In journalism, paying sources for interviews is supposed to be a no-no. The promise of money in exchange for information violates the profession's ethical code and can often lead to dubious information.
But ABC News now says it paid $200,000 to Casey Anthony, the Florida woman accused of killing her 2-year-old daughter, Caylee, for exclusive rights to videos and pictures that ran on the network and its Web site.
ABC also conducted interviews with the Anthony family, but said in a statement that it paid only for images, never for interview access.
"In August 2008, we licensed exclusive rights to an extensive library of photos and home videos for use by our broadcast platforms, affiliates and international partners," ABC's statement read. "No use of material was tied to any interview."
The payments were revealed Thursday in an Orange County, Fla., court proceeding, which was concerned with whether Anthony can be declared indigent and thus receive a taxpayer-funded defense.
On Friday, Circuit Court Judge Stan Strickland ruled that the state must pay some of the cost for Anthony's defense to ensure that she receives a fair trial. Anthony's defense team, who said they are working pro bono on behalf of their client, told the judge Thursday that Anthony's money from ABC had already been spent.
"Ethically, ABC is on very shaky ground," Fred Brown, vice chair of the ethics committee at the Society of Professional Journalists, told AOL News. "It's essentially paying for news, and any time you do that, you taint the news."

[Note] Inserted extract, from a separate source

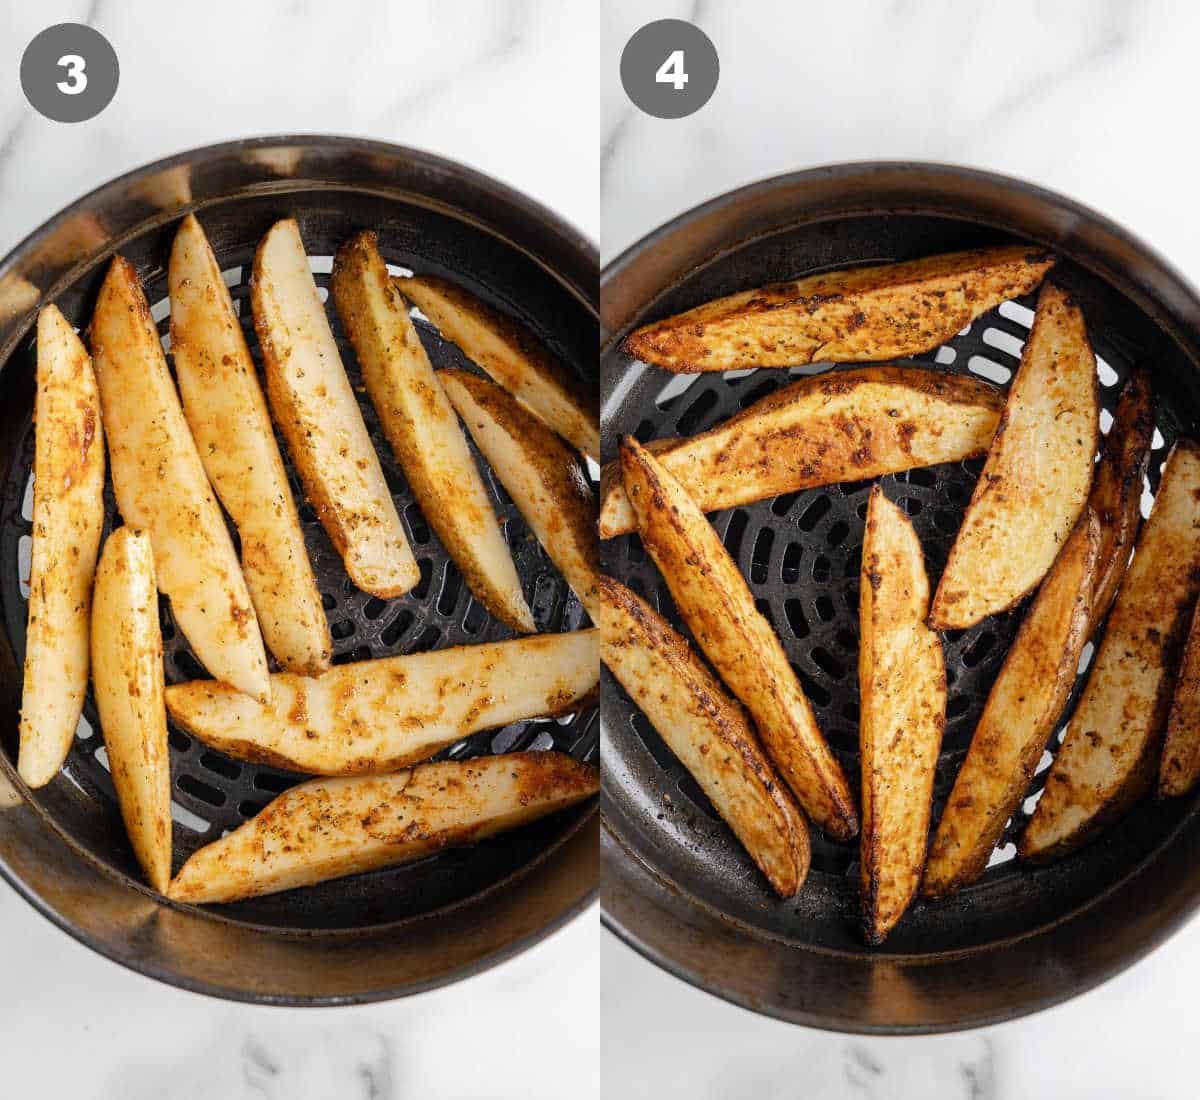 Potato wedges placed into an air fryer basket and fried.

Paying sources for information is the stock and trade of publications like the National Enquirer, which broke the story of John Edwards' affair with Rielle Hunter and also the news that the former presidential candidate was the father of Hunter's daughter, Frances. In many of the Enquirer's stories on Edwards, a source who remained anonymous was paid by the publication.
"Ideally, news should be produced without any money changing hands," Brown said.